Les Mills GRIT STRENGTH– high intensity interval training, aimed at working out the main muscle groups and developing strength endurance. Thanks to a set of exercises using dumbbells, barbells and a fitness platform, all major muscle groups are involved and toned. At the end of the program, the metabolism in the body continues for another 9 hours, which guarantees the burning of fat and promotes the growth of muscle tissue.

Les Mills GRIT PLYO- a program aimed at strengthening the muscles of the legs and hips and developing speed-strength qualities. 30 minutes of intensive workout "for wear" allows you to achieve best results in the shortest possible time. During training, a fitness platform is used, with the help of which intensive physical exercise. Training allows you to change the structure of the muscles, giving the figure a sporty and toned shape.
LES MILLS GRIT classes are quite intense, but easy ways to noticeable result can not be. If you want to go to new level physical training, Les Mills Grit is what you need. Be sure to consult with a trainer: he will tell you how to adapt the exercises to your abilities and wishes.

About Les Mills:

All Les Mills programs are developed by professional choreographers, physiotherapists, music editors and tested at the Les Mills Institute in New Zealand.

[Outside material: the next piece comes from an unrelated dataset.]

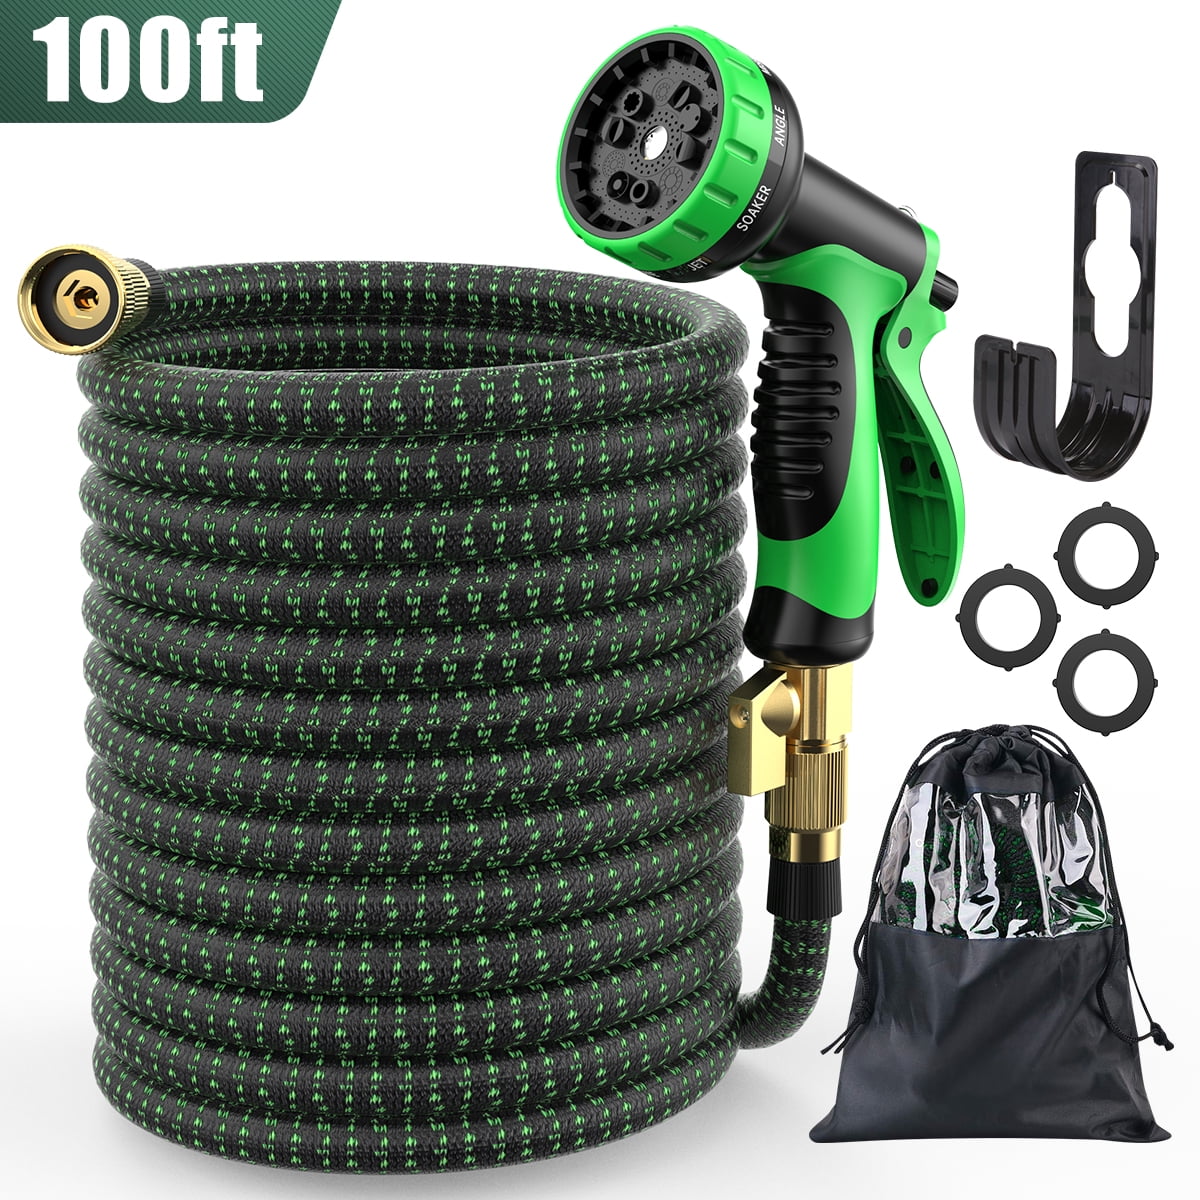 Durable No-Kink Flexible Hose 3750D Garden Water Hose 3/4 Inch Solid Brass Fittings and Strongest Triple Latex Core 50ft Expandable Garden Hose with 9 Function Nozzle 50FT 
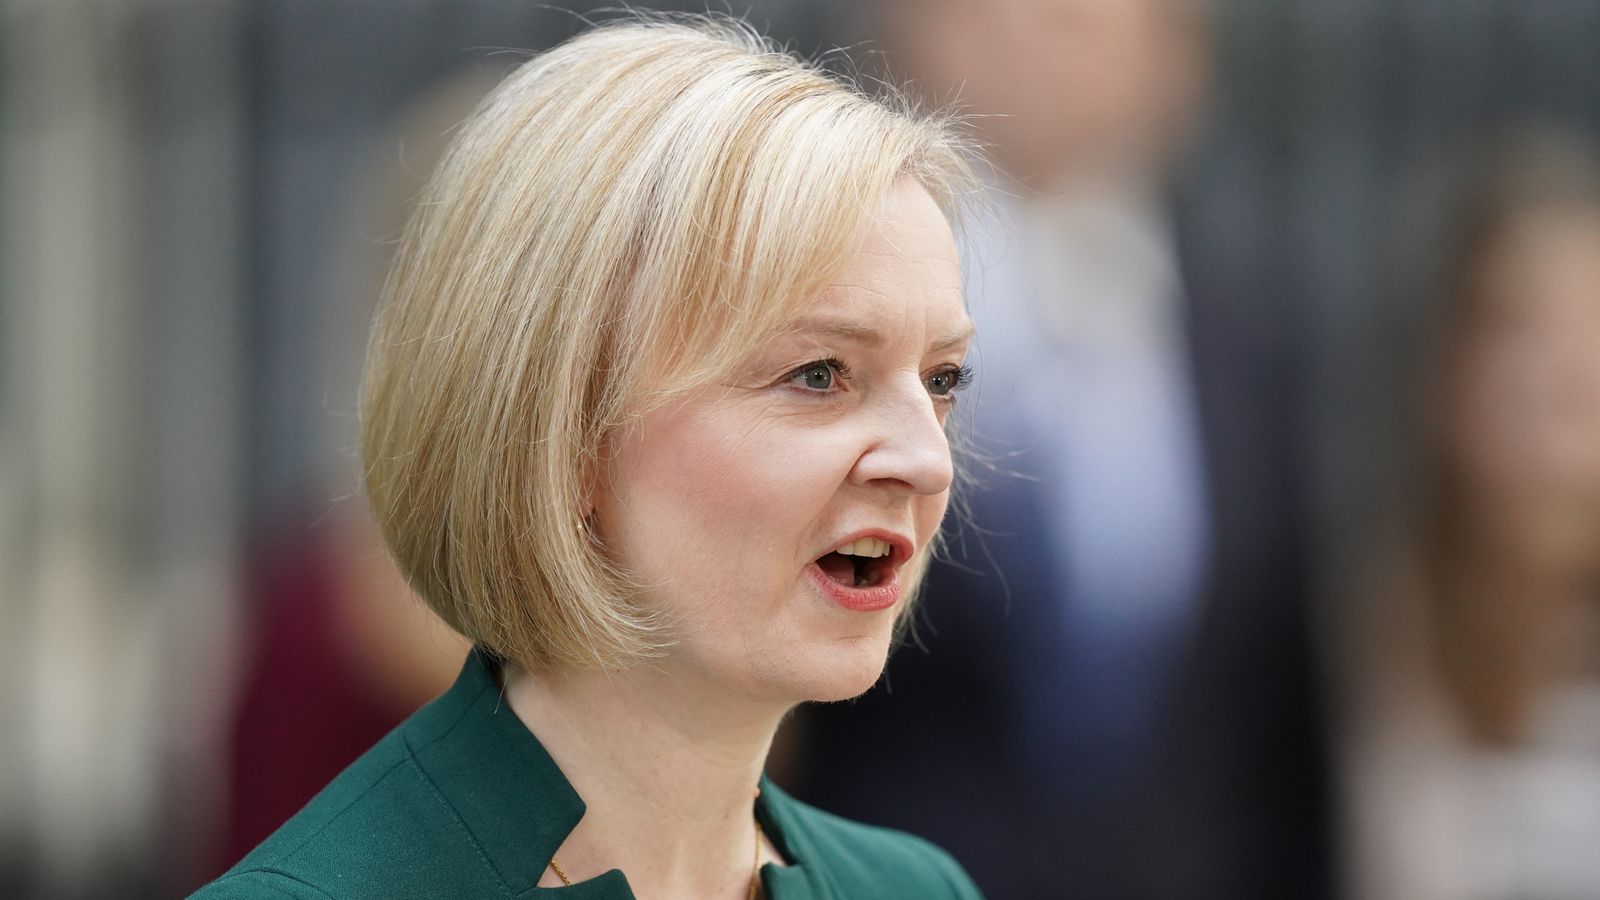 Liz Truss may be no Messiah but her political comeback has rattled some MPs

The network of fitness clubs No. 1 World Class presents 9 programs from the world leader in group programs Les Mills. Les Mills programs are distinguished by a given format: all elements of the lesson (load, alternation muscle groups, mode of operation, pauses for rest) are combined into a strict, scientifically based sequence. Those involved are laid out in full force throughout the course of the lesson. This allows you to increase the effect of the session by 15–20% (data from the Les Mills Institute). Les Mills programs are suitable for all fitness levels. They are designed in such a way that both beginners and trained athletes can study in one lesson, while everyone will work to the limit of their own capabilities, achieving maximum results. Training is carried out only by specially trained and certified instructors.
We are waiting for you in our clubs for a super intensive Les Mills GRIT workout!*

*The program is also available in World Class LITE clubs

Choosing a Les Mills GRIT workout - you choose the result!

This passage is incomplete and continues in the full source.